= PROBLEM TO SOLVE =
An exact restatement of the data is required, with the images omitted.

= SOURCE MATERIAL =
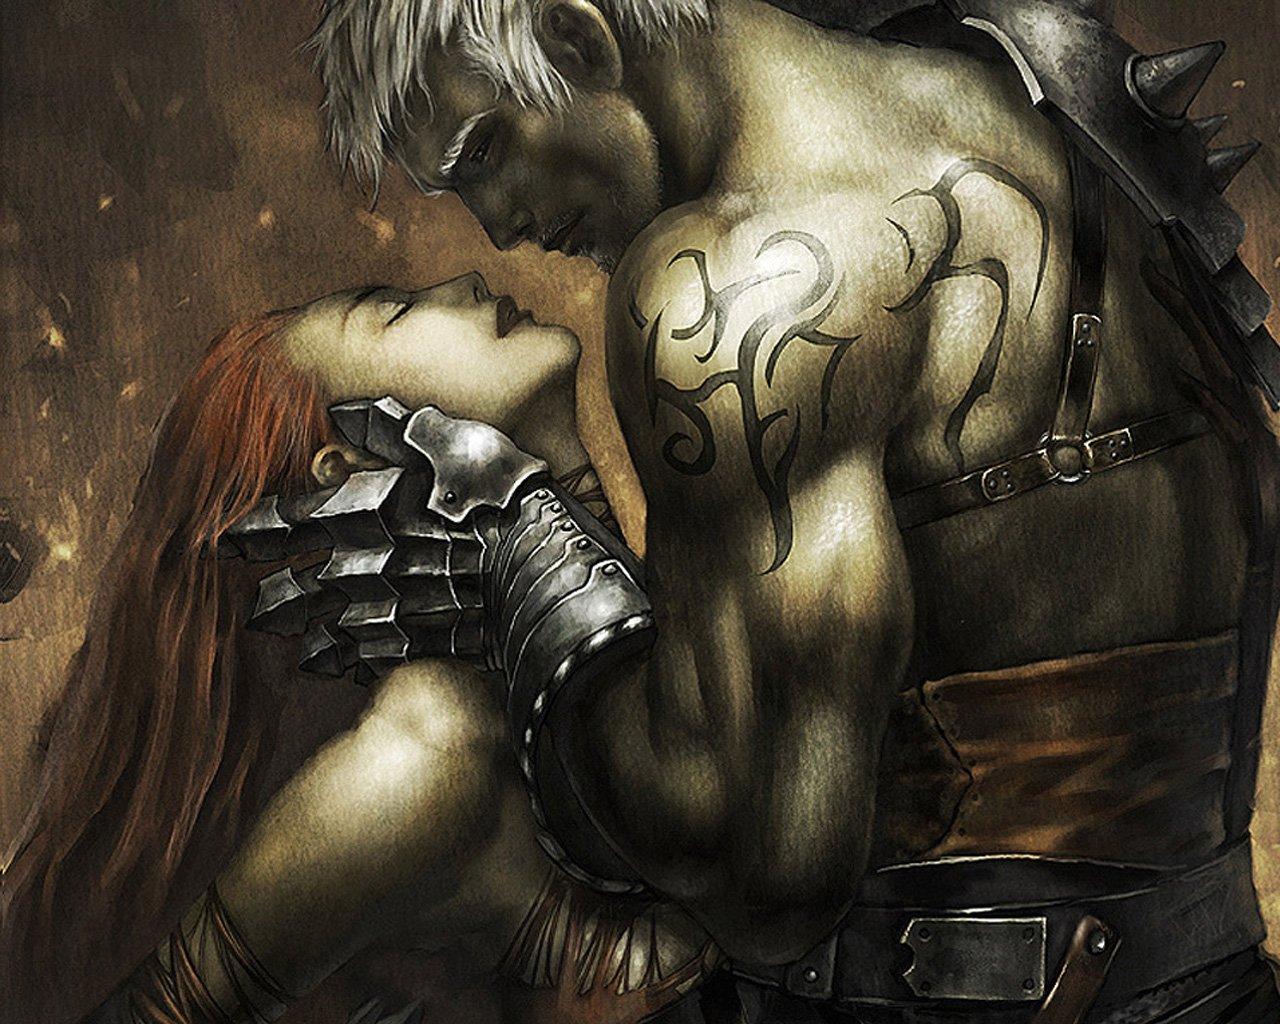 wallpaper love couple fantasy hd
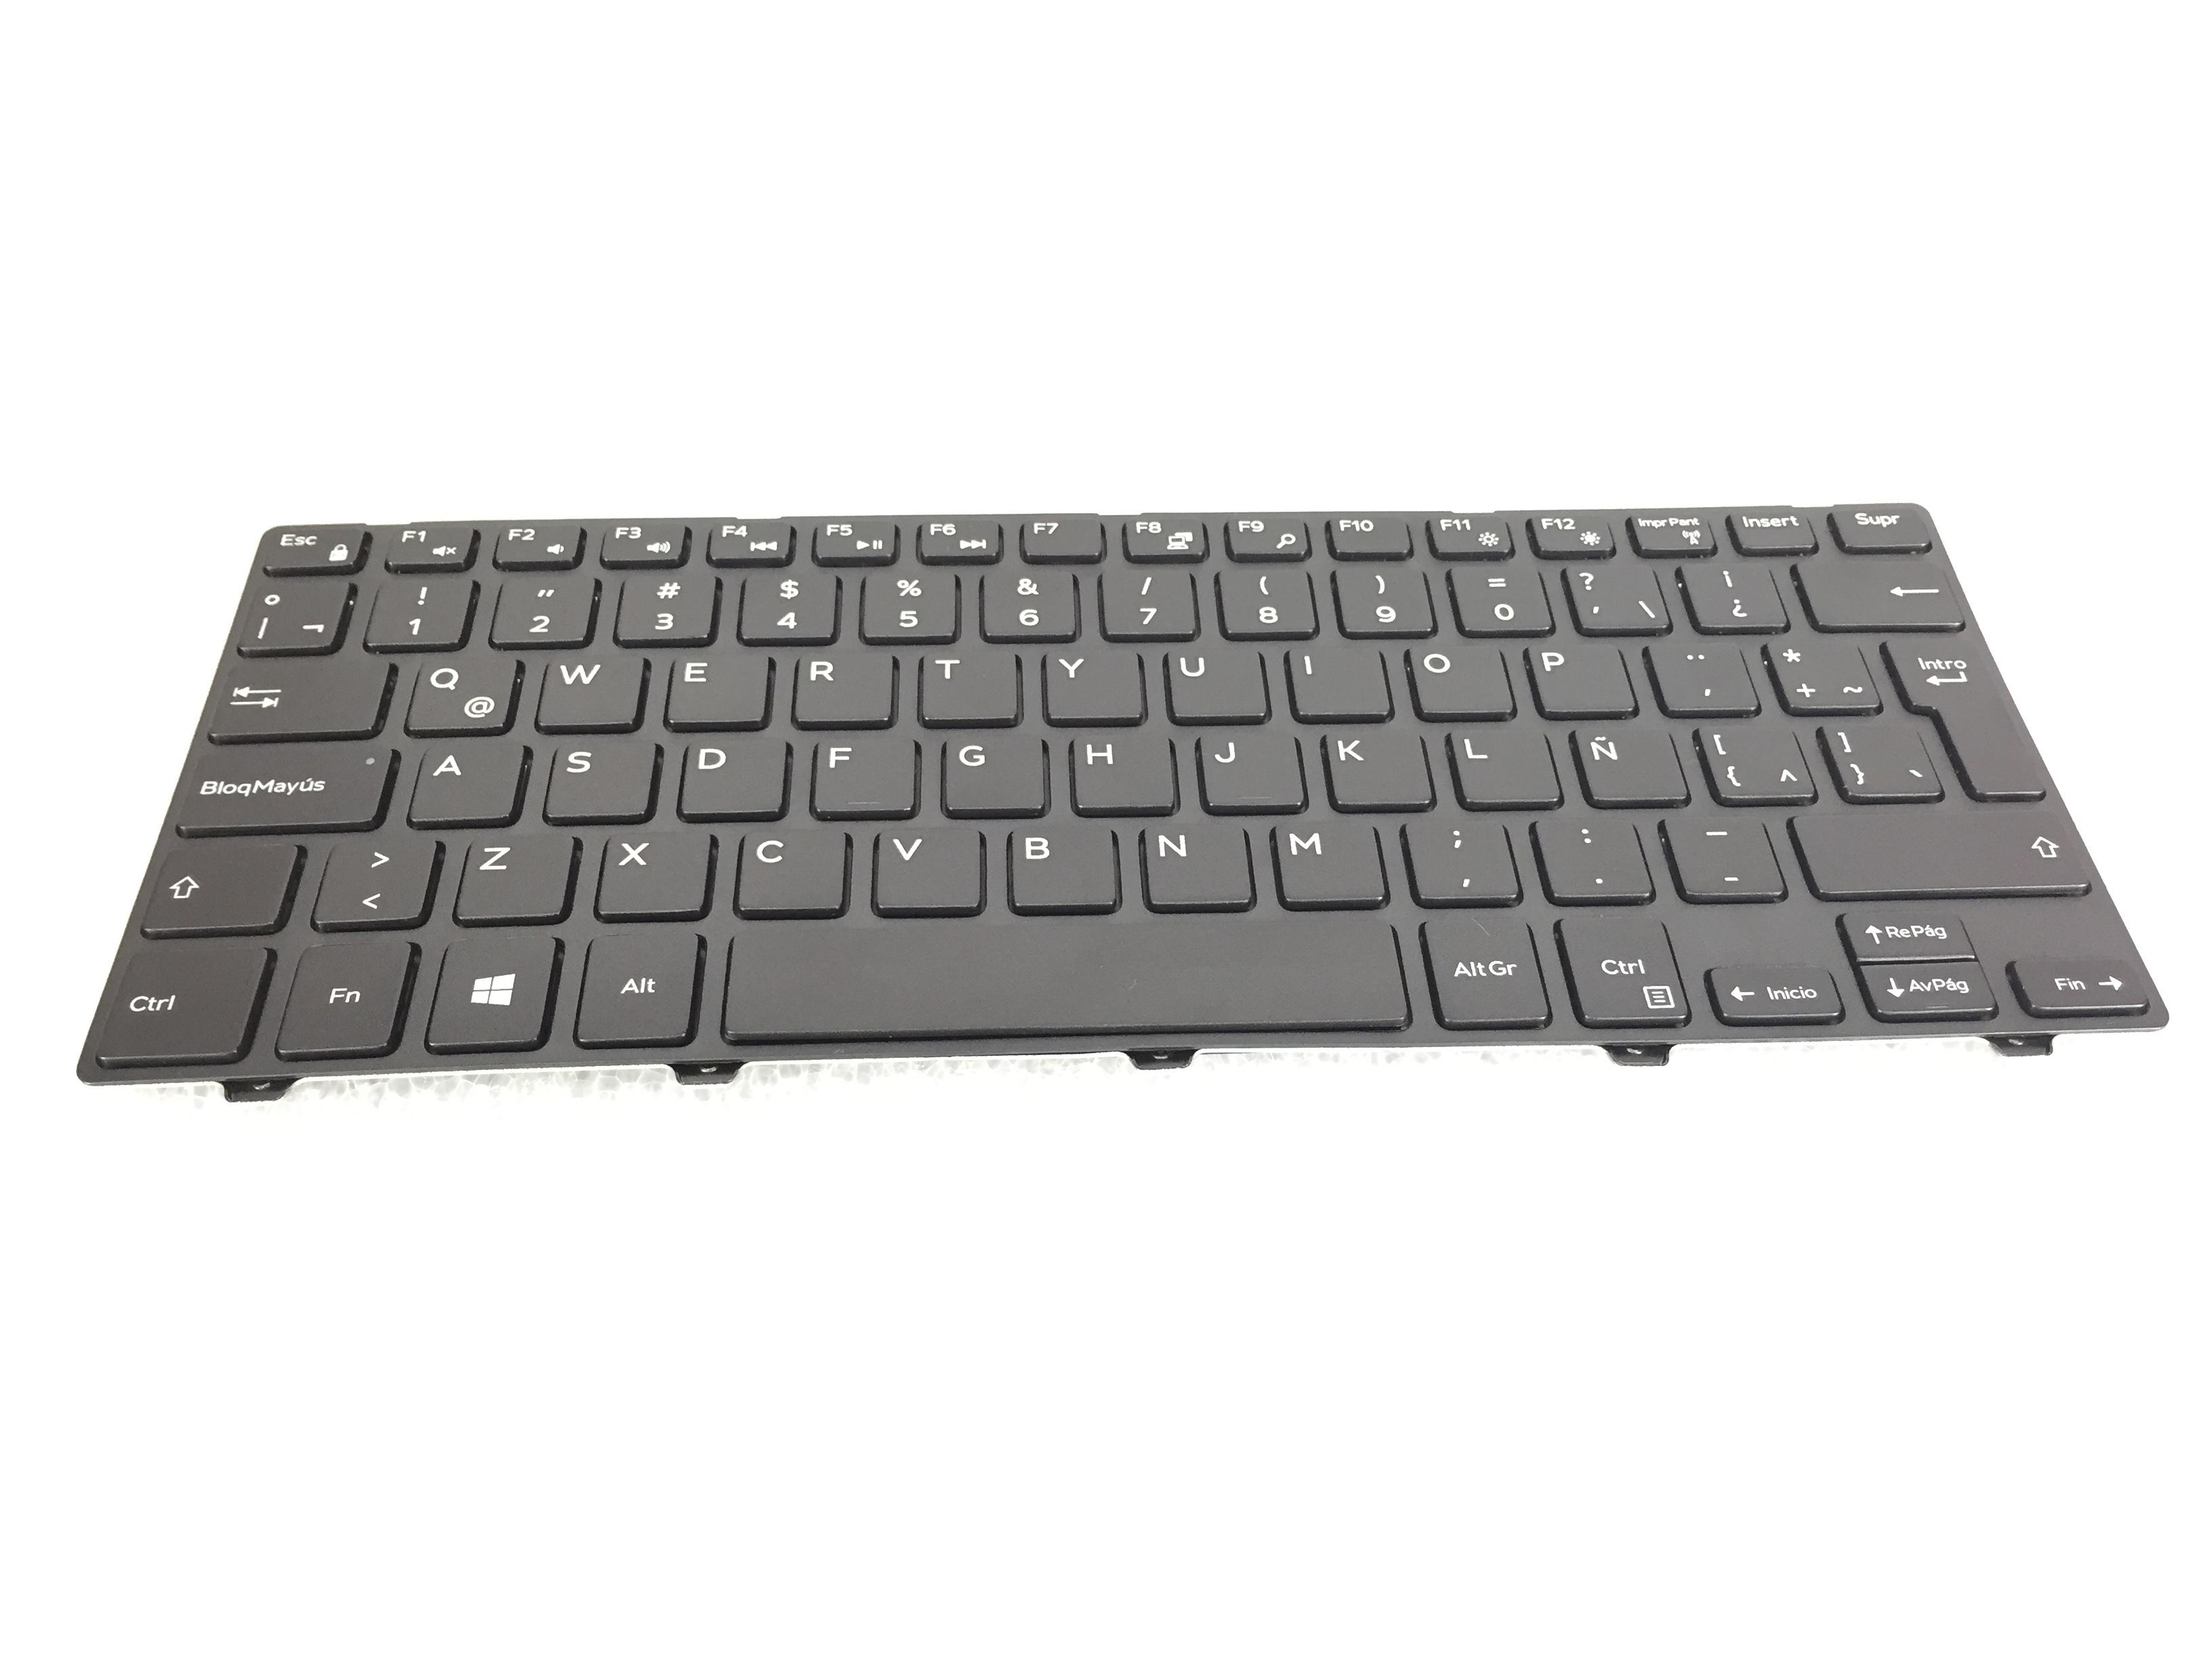 Dell Inspirion 14 3442 5451 5455 5458 Laptop Keyboard (0TCKCW)
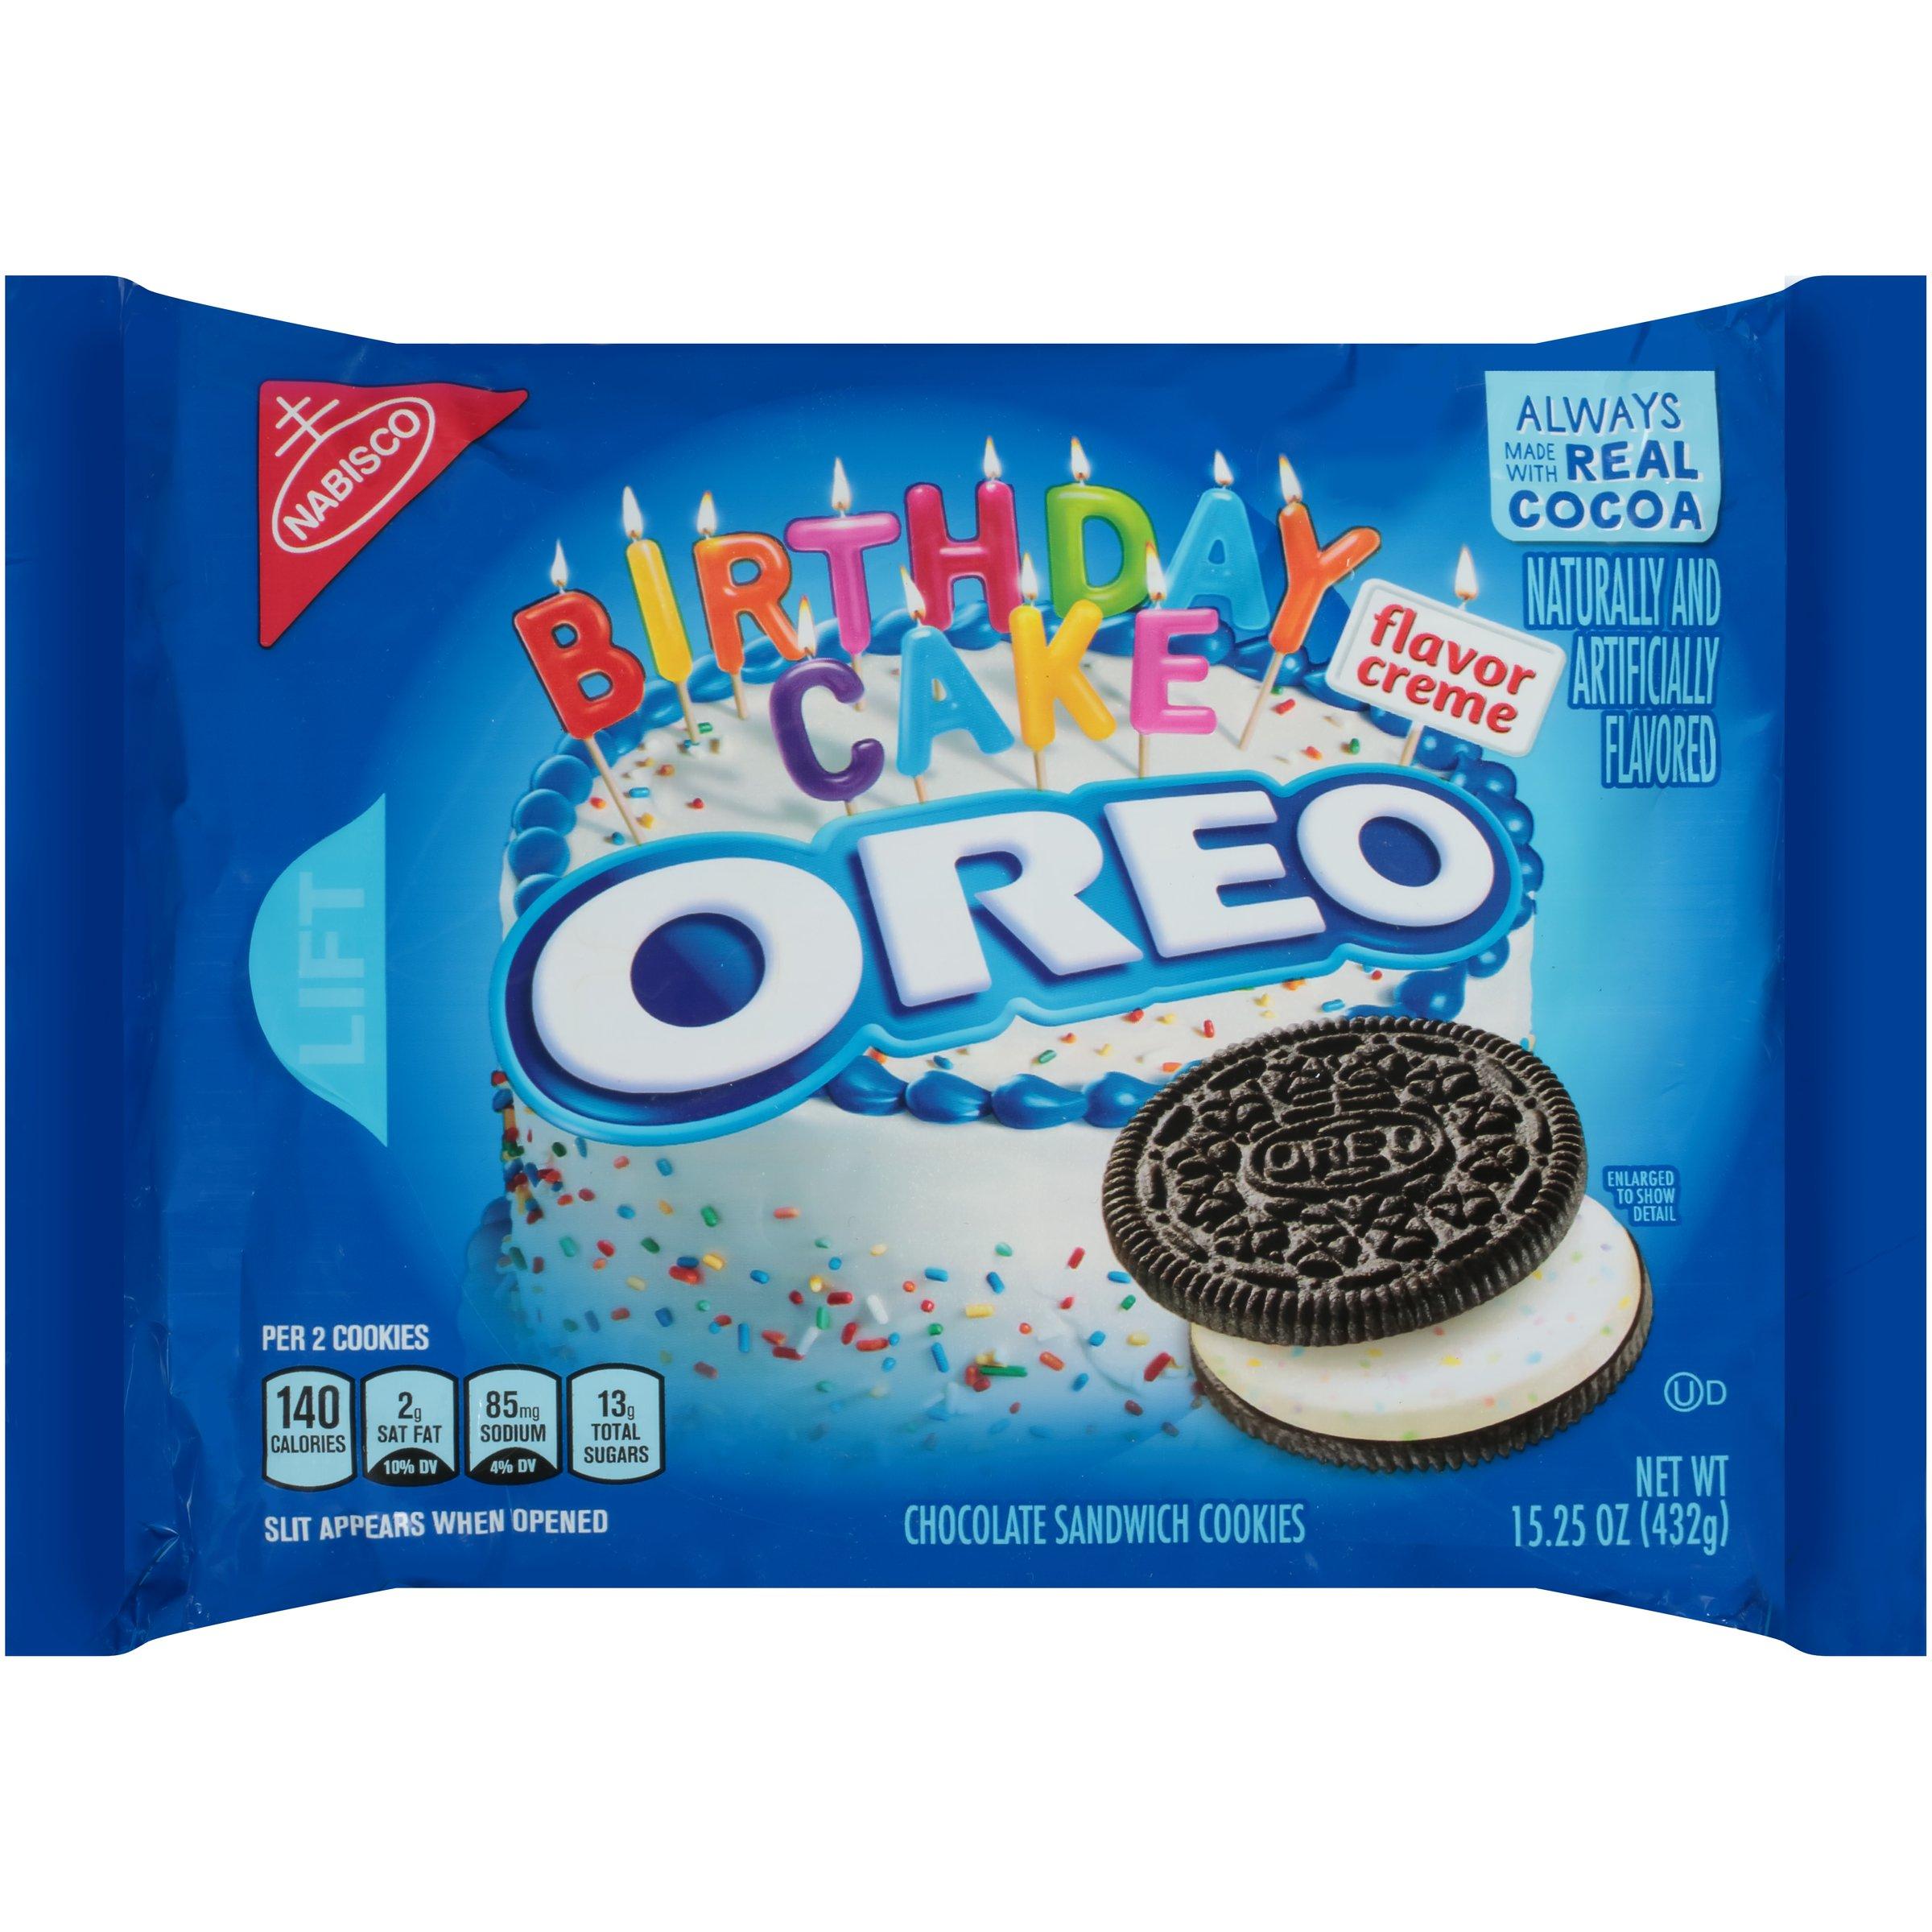 Strange Nabisco Oreo Birthday Cake Flavor Creme Chocolate Sandwich Cookies Funny Birthday Cards Online Fluifree Goldxyz

= SOLVED PROBLEM =
 wallpaper love couple fantasy hd
 Dell Inspirion 14 3442 5451 5455 5458 Laptop Keyboard (0TCKCW)
 Strange Nabisco Oreo Birthday Cake Flavor Creme Chocolate Sandwich Cookies Funny Birthday Cards Online Fluifree Goldxyz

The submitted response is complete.